Ferretti (9638.HK) is a designer and manufacturer of luxury composite yachts, made-to-measure yachts and superyachts under brand names such as Riva, Wally, Ferretti Yachts, Pershing, Itama, CRN and Custom Line. The company operates six shipyards in Italy and sells to customers in more than 70 countries.

Ferretti completed its IPO on March 31, 2022. Not only was it accomplished in what could only have been characterized as an extremely challenging market, its share price has significantly outperformed the Hang Seng Index (“HSI”). This case study presents what likely deliberations took place at various stages in Ferretti’s boardroom and the many factors that collectively made its IPO possible.

Storm Brewing (Q1 – Q2 2021)

  • On February 18, 2021, the Hang Seng Index (“HSI”) reached an intra-day high of 31,183, the highest level since June 2018.
  • Over the next 4½ months, HSI fell by 7-10% and hovered around 28,000 – 29,000.
  • During this period, Ferretti’s board would have had to approve ramping up IPO preparations. It should have been an easy “Go”.
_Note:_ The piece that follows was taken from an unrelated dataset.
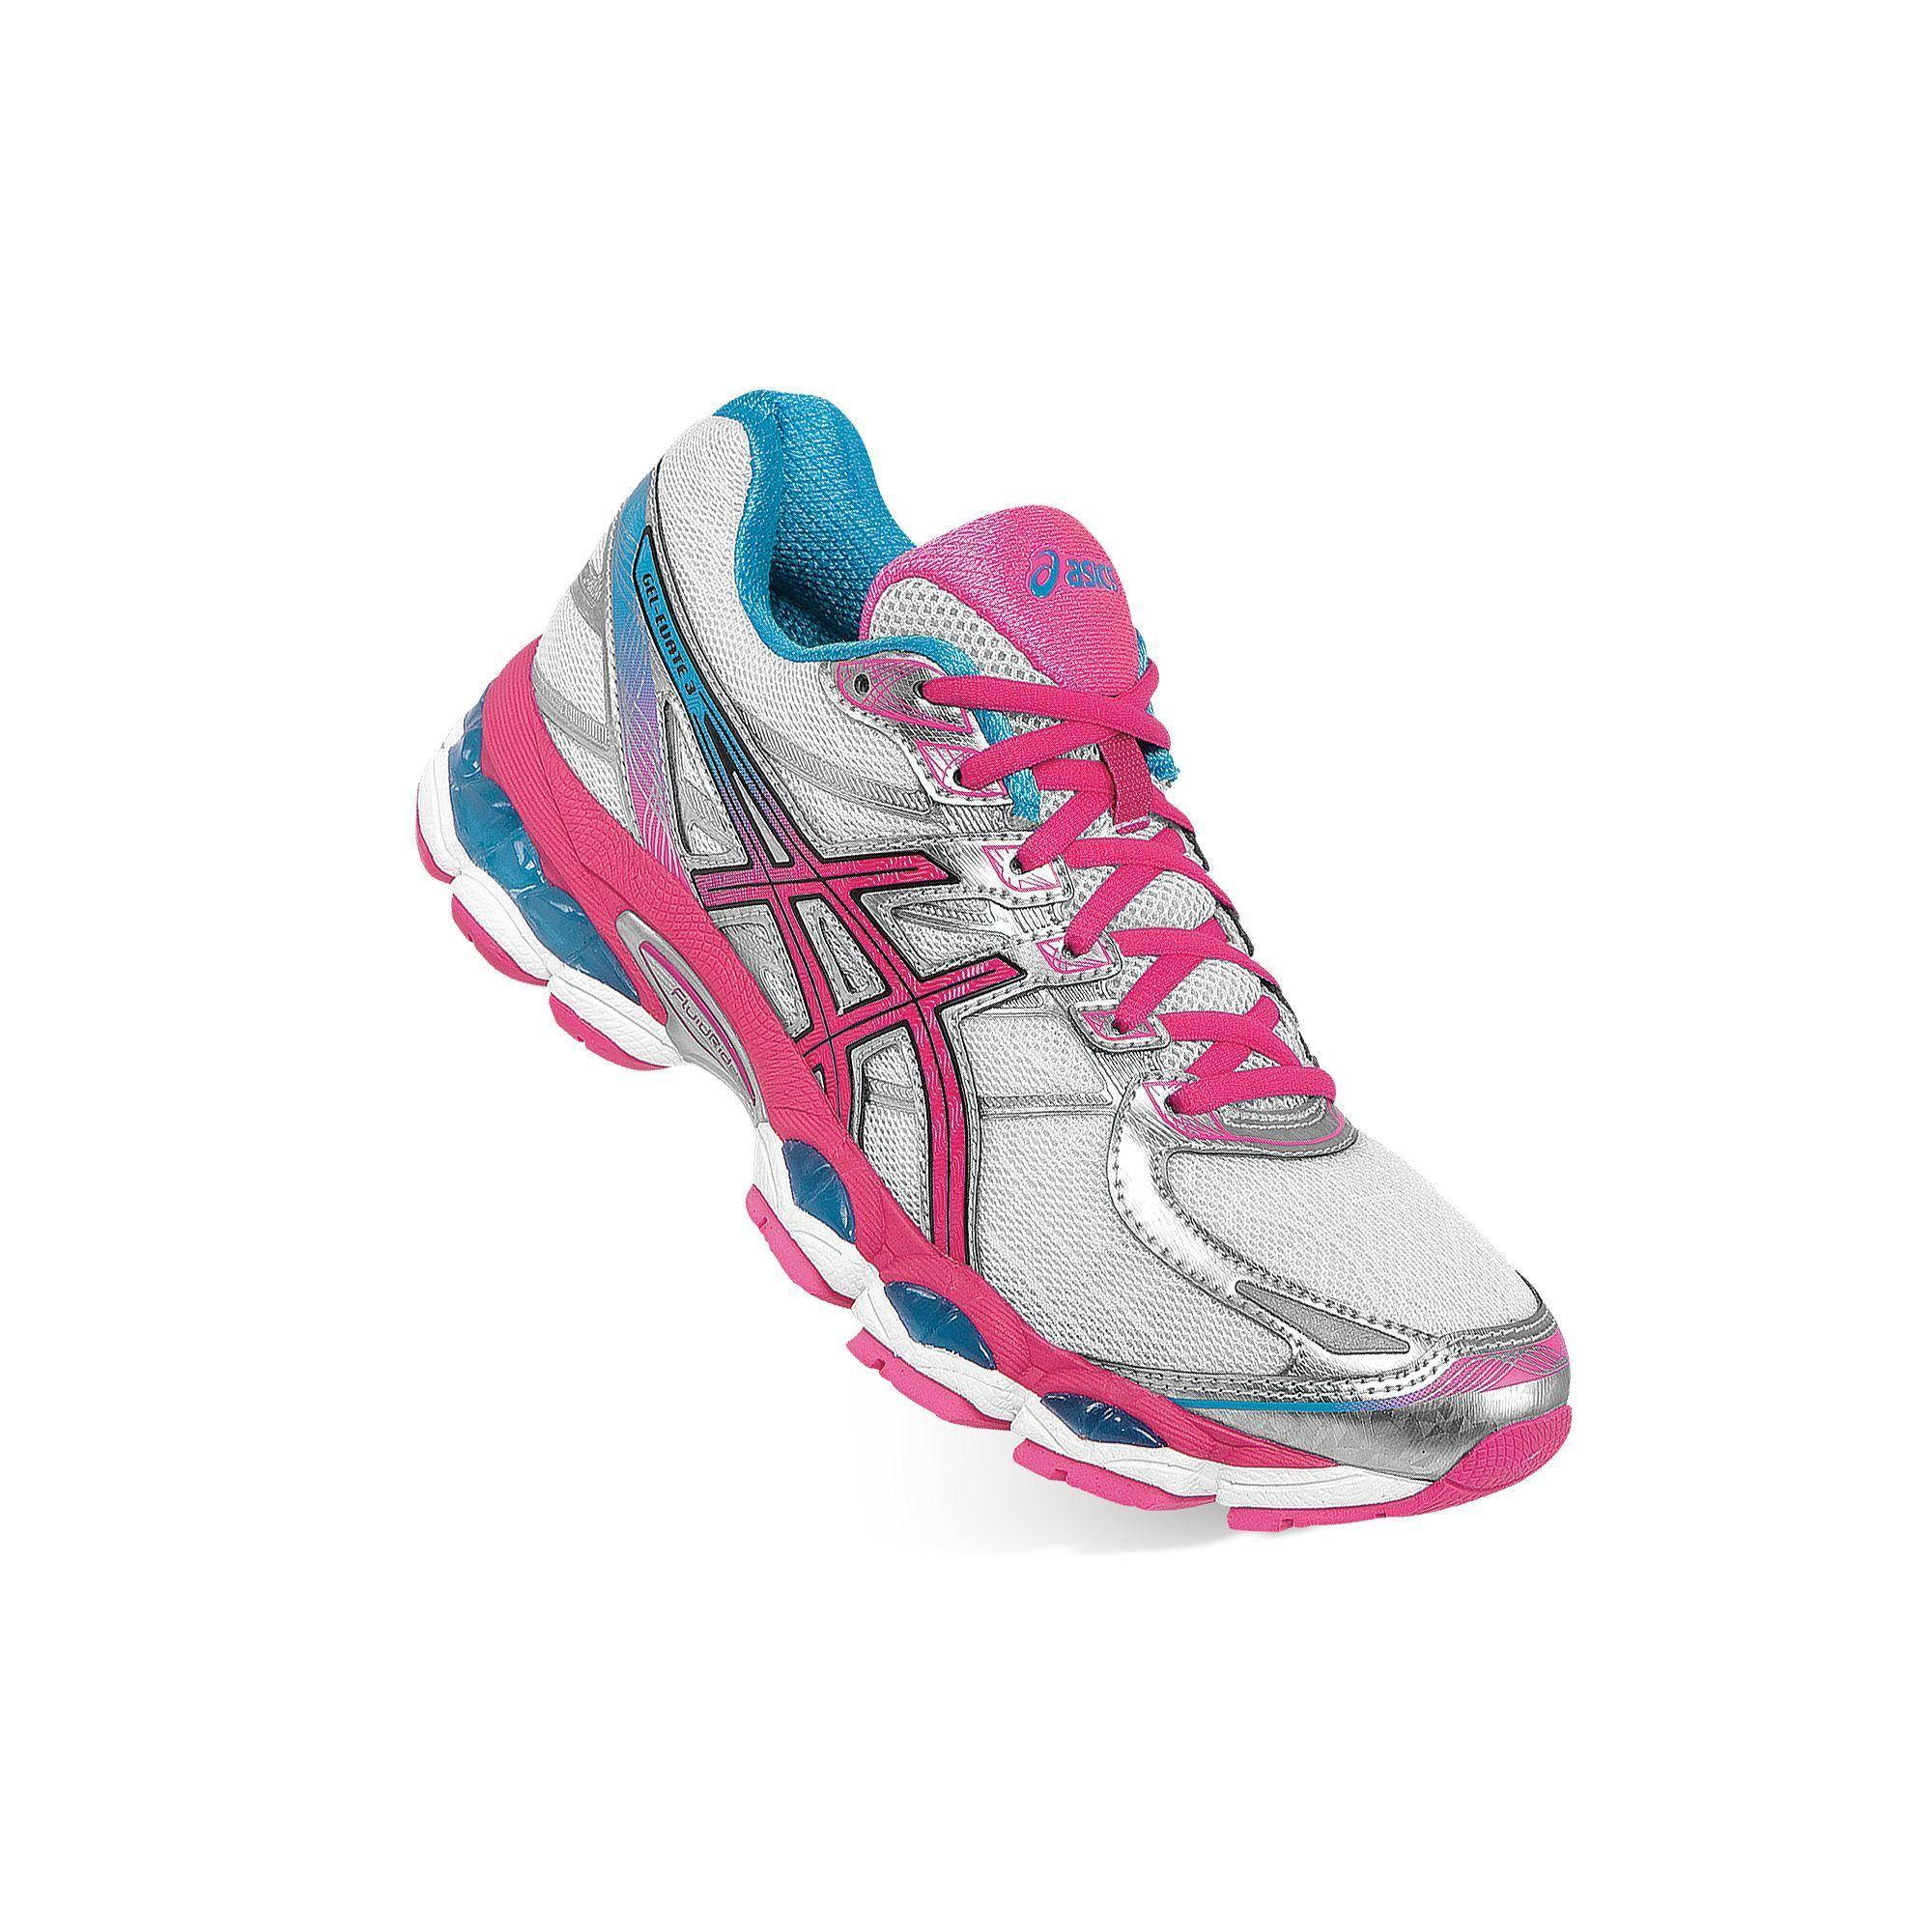 ASICS GEL Evate 3 Women's Running Shoes

Skies Darkening (Q3 – Q4 2021)

  • When the company would have been close to filing its listing application at the end of Q3, HSI had steadily declined to around 24,000 (i.e. by a further 14-17%).
  • The IPO market was still robust enough with HK$75 bill. raised in each of Q2 and Q3 (source: HKEx).
  • Plenty of time and tens of millions in professional fees had already been sunk.
  • Ferretti’s board now had a tougher, though still rather straight-forward, decision to make.
  • Proceed with the listing application, ready the IPO for the spring and hope for a market upturn.
  • Meanwhile, IPO funds raised dropped in Q4 by almost 40% (source: HKEx). And the worst had yet to come!

Storms Hit (Q1 2022)

  • January proved to be the (brief) calm before the storms – not one, not two, but three!
    • The resilient US market (S&P 500) started to fall from its all-time high of 4,818.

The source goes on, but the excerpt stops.